About this task -
Copy each line of the records that contains the word "coin".

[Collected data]
_ _ _ _ _
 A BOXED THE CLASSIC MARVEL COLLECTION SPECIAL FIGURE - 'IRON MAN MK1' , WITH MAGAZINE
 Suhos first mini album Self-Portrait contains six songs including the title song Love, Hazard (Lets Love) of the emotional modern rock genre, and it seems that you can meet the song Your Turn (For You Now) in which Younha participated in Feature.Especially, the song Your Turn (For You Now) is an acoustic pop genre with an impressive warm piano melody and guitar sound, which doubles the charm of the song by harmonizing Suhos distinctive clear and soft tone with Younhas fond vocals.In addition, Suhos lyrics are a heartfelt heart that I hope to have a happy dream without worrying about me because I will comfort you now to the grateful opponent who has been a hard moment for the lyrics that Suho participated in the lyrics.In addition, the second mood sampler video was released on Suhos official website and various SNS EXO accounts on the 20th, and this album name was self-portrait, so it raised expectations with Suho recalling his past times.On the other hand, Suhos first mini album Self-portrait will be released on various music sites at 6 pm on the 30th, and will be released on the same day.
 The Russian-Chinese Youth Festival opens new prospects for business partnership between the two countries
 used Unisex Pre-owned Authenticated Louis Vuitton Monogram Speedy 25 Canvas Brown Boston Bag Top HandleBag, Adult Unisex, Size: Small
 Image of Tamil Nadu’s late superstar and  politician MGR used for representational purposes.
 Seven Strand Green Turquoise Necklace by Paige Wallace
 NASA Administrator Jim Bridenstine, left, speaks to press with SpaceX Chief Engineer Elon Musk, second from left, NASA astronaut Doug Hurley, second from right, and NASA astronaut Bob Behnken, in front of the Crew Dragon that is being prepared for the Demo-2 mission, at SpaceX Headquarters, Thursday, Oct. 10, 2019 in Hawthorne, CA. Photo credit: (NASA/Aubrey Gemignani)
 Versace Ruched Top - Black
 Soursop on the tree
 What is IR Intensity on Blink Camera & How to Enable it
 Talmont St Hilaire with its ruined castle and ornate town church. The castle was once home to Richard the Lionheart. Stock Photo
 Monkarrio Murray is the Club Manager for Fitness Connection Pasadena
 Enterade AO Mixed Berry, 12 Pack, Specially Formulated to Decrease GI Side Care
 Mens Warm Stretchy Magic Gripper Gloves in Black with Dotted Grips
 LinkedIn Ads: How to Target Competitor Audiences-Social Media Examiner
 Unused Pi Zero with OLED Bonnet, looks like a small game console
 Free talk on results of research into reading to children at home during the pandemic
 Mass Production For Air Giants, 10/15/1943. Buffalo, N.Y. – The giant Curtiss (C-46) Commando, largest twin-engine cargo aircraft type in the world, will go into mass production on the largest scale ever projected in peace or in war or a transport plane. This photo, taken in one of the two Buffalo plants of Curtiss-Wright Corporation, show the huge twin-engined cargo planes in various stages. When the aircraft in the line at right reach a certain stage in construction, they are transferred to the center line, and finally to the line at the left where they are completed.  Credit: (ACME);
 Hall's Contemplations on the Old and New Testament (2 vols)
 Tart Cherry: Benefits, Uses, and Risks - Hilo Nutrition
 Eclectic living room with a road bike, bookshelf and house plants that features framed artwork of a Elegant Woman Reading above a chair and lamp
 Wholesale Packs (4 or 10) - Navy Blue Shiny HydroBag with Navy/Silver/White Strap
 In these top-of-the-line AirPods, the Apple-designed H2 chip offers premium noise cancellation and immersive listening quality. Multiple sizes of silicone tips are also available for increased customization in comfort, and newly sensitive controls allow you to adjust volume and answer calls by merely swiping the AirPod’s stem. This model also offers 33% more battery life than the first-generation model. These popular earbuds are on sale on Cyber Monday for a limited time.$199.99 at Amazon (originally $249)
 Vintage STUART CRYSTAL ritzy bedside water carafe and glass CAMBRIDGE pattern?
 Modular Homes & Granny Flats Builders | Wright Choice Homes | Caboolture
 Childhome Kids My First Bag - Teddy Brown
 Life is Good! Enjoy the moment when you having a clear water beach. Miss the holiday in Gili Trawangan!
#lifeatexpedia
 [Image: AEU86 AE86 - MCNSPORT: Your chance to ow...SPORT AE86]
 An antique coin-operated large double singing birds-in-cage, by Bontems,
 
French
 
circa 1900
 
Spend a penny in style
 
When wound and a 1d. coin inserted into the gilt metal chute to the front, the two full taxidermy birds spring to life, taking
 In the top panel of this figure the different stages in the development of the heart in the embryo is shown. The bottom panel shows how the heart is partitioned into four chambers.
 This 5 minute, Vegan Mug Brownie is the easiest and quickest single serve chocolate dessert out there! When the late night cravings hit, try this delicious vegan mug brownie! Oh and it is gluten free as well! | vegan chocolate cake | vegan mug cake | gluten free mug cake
_ _ _ _ _
Response to this task -
 An antique coin-operated large double singing birds-in-cage, by Bontems,
When wound and a 1d. coin inserted into the gilt metal chute to the front, the two full taxidermy birds spring to life, taking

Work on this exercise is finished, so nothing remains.